We are building trust at scale—comedy needs transparency and legitimacy.

Where funds flow: CRAFT’s Five Pillars

CRAFT allocates levy funds through programmes and grants aligned to our Five Pillars, with published criteria and trustee oversight.

  • Talent & Grassroots Access: Removing barriers to participation, widening access, and supporting the next generation—especially those locked out by cost, geography, access (disability), or lack of networks.

  • Businesses & Community Delivery: Supporting the comedy industry professionals and businesses to thrive and innovate.

  • Professional Standards, Safety & Wellbeing: Raising standards, improving safeguarding and care, and supporting a healthier comedy ecosystem. This includes the CRAFT Certified Public Register Directory—so commissioners, venues, and the public can find verified, accountable professionals and businesses.

  • Public Affairs, Artistic Freedom & Inclusion: Protecting lawful satire and social commentary, improving representation and inclusion, and ensuring comedy is recognised in policy, so the sector isn’t structurally excluded.

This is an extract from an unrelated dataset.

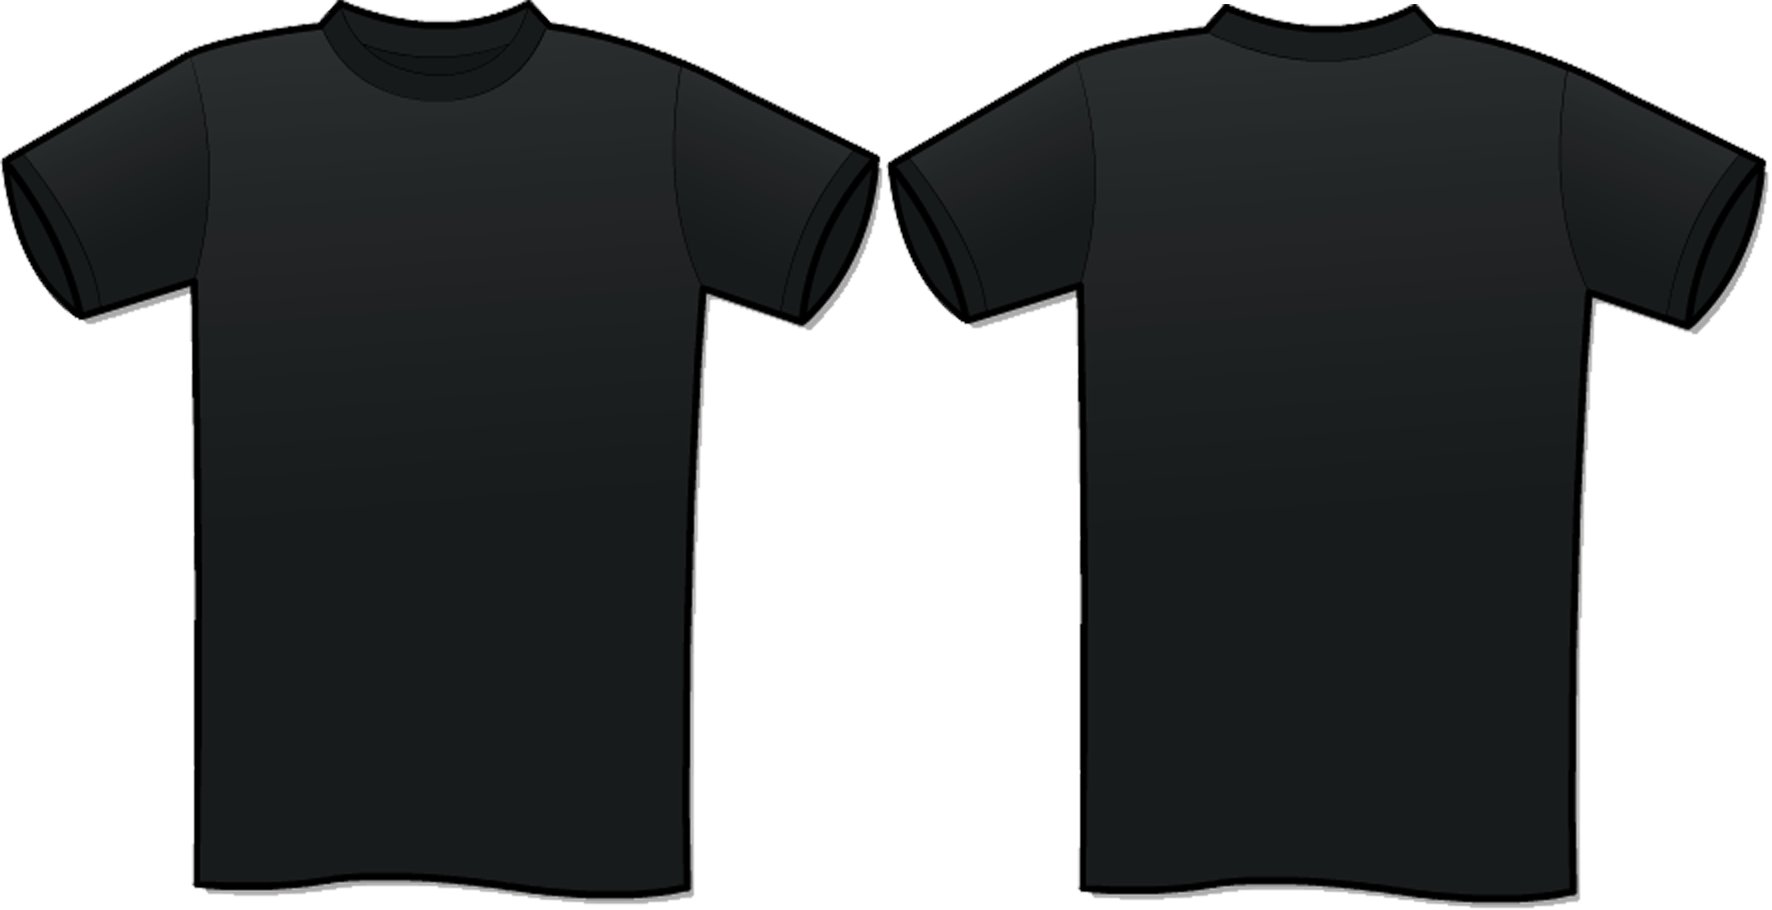 Photoshop Template For T Shirt Design

  • Research, Education & Innovation: Publishing evidence, running training and education, and building the research base that helps comedy attract investment and support—especially for creative health and public benefit delivery.

Fund distribution 

CRAFT is a UK charity, established for the public benefit. Our Charity Commission constitution includes the standard power to “do all such other lawful things as are necessary or incidental to achieving our charitable objects,” enabling us to deliver the Five Pillars in a practical, accountable way.

CRAFT is currently volunteer-run: the founding team of patrons, trustees, advisors, and observers are all working without pay while we establish core governance, transparency processes, and early delivery.

As funding grows: CRAFT intends to employ a separate team to manage and administer the charity, so as to maximise growth and meet the reporting, safeguarding, and compliance requirements expected of a national sector body.

  • Allocation method: Allocations are informed by sector consultation, evidence, and geographic/access gaps. We expect allocations to be set on an ad-hoc basis throughout the first 12 months of operation.

  • Funding types: Support may include micro-grants, bursaries, commissions, subsidised training, and pilot partnerships.

  • Eligibility: Open to comedy industry professionals and businesses operating across all formats, where comedy is the primary artform, including but not limited to live, broadcast, recorded, digital, writing and visual/illustrative comedy.

  • Decision process: Applications are assessed against published criteria with conflict-of-interest controls and proportionate due diligence.

  • Restricted/unrestricted: Restricted funds are ring-fenced to donor intent (e.g. £50k specifically to fund a Top 20 talent to attend Edinburgh Fringe). Unrestricted funds support general delivery and core infrastructure (e.g. £100k to support any format and pillar).

  • Reporting: We publish what was raised and funded, where it went, and what outcomes were delivered.